Ora, e no tocante à descriminante putativa que recai sobre SITUAÇÃO FÁTICA ou PRESSUPOSTO da justificação? O Direito brasileiro adotou a teoria extremada (erro de proibição) ou a teoria limitada (erro de tipo)?
Dê uma olhada, novamente na redação do §1.° do art. 20 do CP. Lá diz que: “É isento de pena quem, por erro plenamente justificado pelas circunstâncias, supõe situação de fato que, se existisse, tornaria a ação legítima. Não há isenção de pena quando o erro deriva de culpa e o fato é punível como crime culposo”.
Lendo o referido dispositivo legal, Luiz Flávio Gomes afirma que o Brasil adotou a teoria estremada sui generis (especial), uma vez que a primeira parte do §1° do art. 20 do CP trata de erro de proibição inevitável (isentando de pena) e na segunda parte do §1.° do art. 20 do CP trata de erro de tipo essencial evitável (pois em vez de diminuir a pena como seria no erro de proibição evitável, exclui o dolo e permite a punição por crime culposo).
Assim, para referido doutrinador, o §1.° do art. 20 do CP segue a teoria extremada se o erro for inevitável e a teoria limitada se o erro for evitável.
Mas cuidado!!! Embora sedutora a tese defendida por Luiz Flávio Gomes, não parece prevalecer na doutrina.
No concurso, diga que para a descriminante putativa que recai sobre SITUAÇÃO FÁTICA ou PRESSUPOSTO da justificação, a teoria adotada é a LIMITADA da culpabilidade (erro de tipo). São, basicamente, dois os argumentos para que se sustente esta posição:
a) POSIÇÃO TOPOGRÁFICA: o art. 20 do CP trata de erro de tipo, enquanto que o art. 21 do CP trata de erro de proibição.
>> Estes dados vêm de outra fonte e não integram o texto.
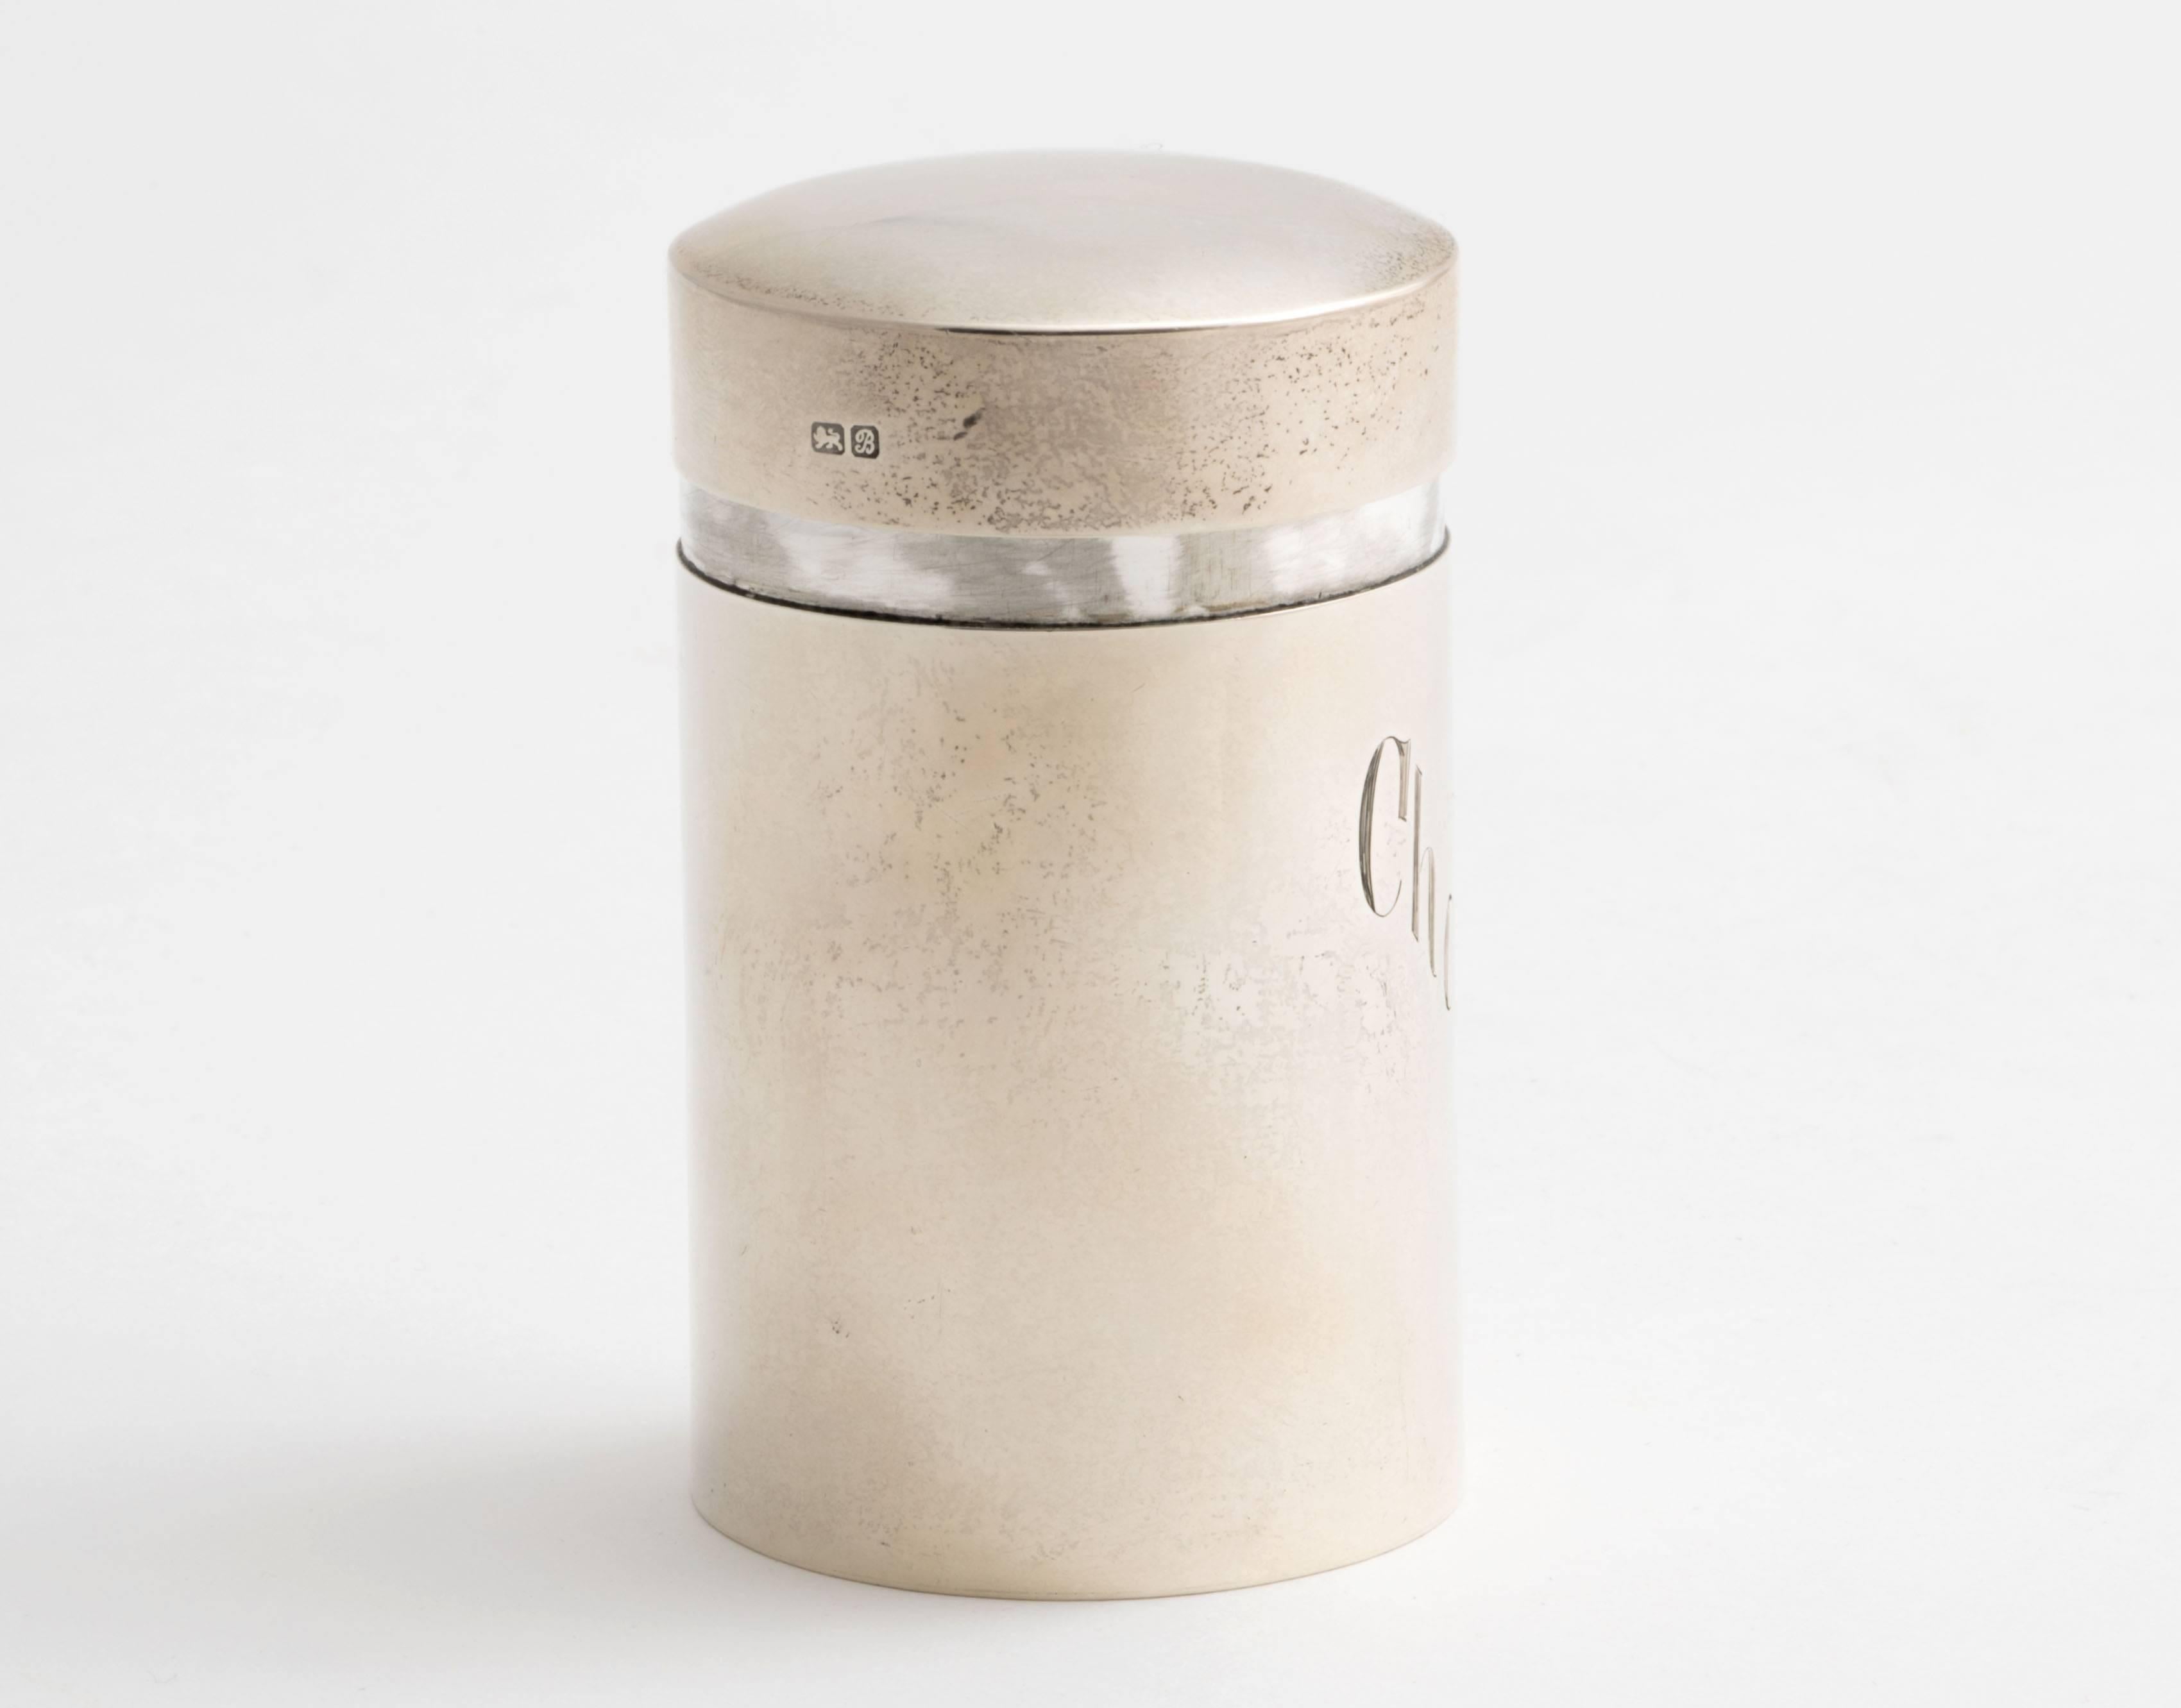 Late Victorian Antique Sterling Silver Chocolate Canister by Saunders and Shepherd
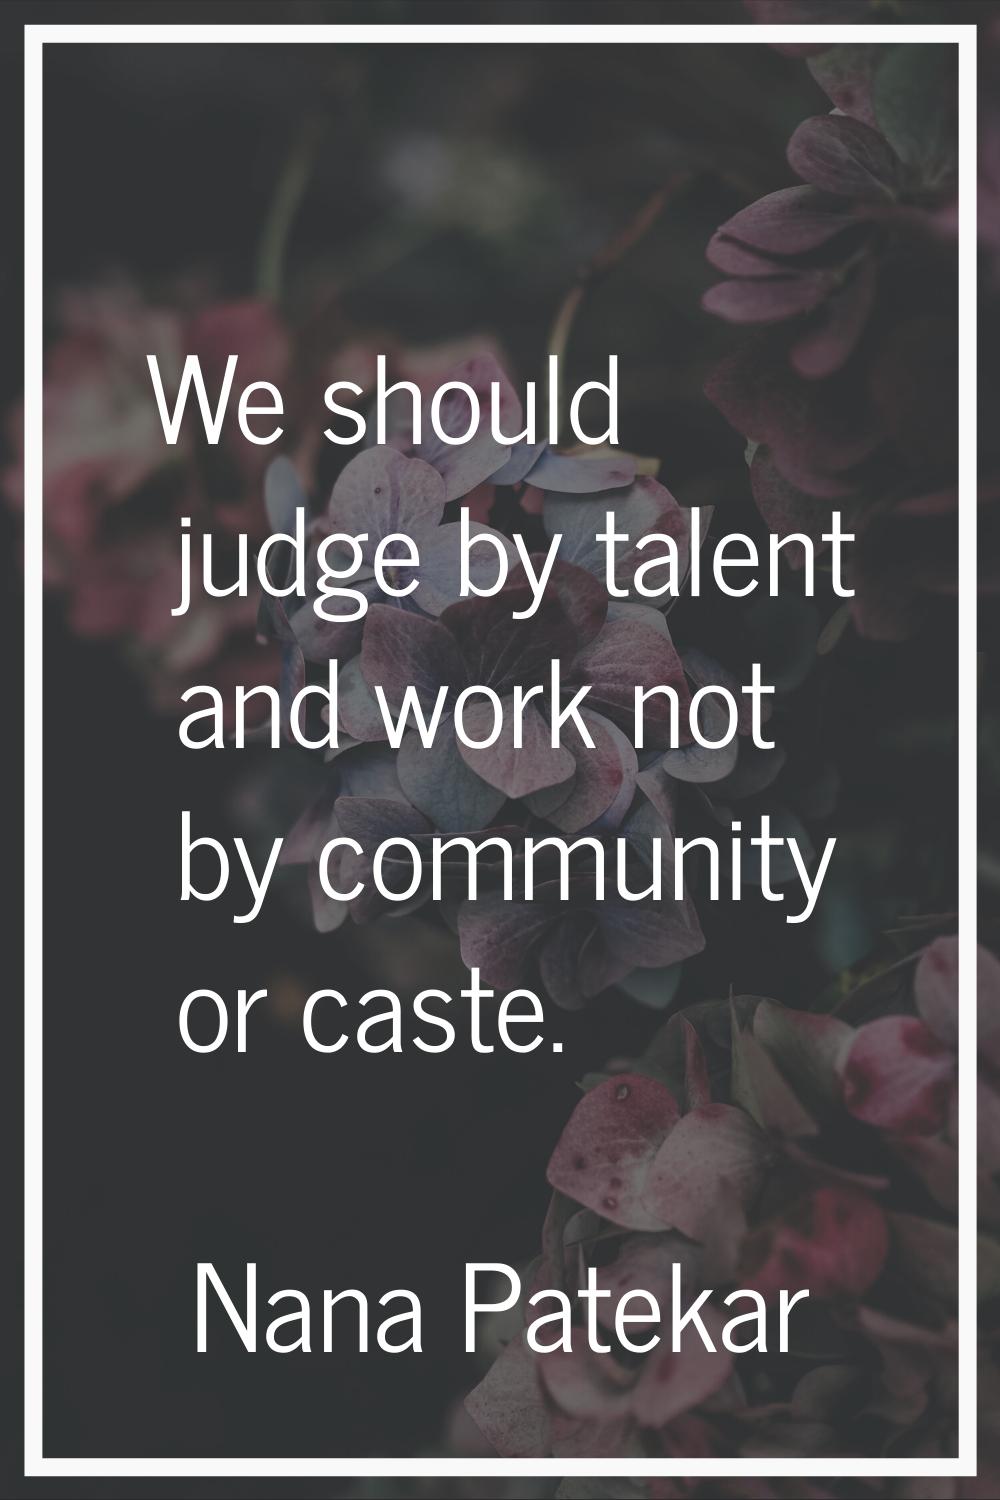 We should judge by talent and work not by community or caste.

Esta descriminante putativa está no §1.° do art. 20, e não no art. 21. Assim, é erro de tipo.
b) EXPOSIÇÃO DE MOTIVOS DO CÓDIGO PENAL: por esta finte doutrinária, entende-se que o Brasil adotou a teoria limitada da culpabilidade neste ponto.
- Conclusão:
A conclusão que pode se tirar do presente estudo é esta:
DESCRIMINANTE PUTATIVA QUE RECAI SOBRE | NATUREZA JURÍDICA | CONSEQUÊNCIAS |
A EXISTÊNCIA DA JUSTIFICAÇÃO | ERRO DE PROIBIÇÃO | 1) se inevitável: isenta de pena; 2) se evitável: diminui a pena de 1/6 a 1/3. |
OS LIMITES DA JUSTIFICAÇÃO | ERRO DE PROIBIÇÃO | 1) se inevitável: isenta de pena; 2) se evitável: diminui a pena de 1/6 a 1/3. |
SITUAÇÃO FÁTICA OU PRESSUPOSTOS DA JUSTIFICAÇÃO | ERRO DE TIPO (teoria limitada) | 1) se inevitável: exclui dolo e culpa; 2) se evitável: diminui somente o dolo, sendo possível a punição por crime culposo. |
Bom estudo a todos e um grande abraço!
Memorizem o texto e leve esta “carta na manga” para a prova.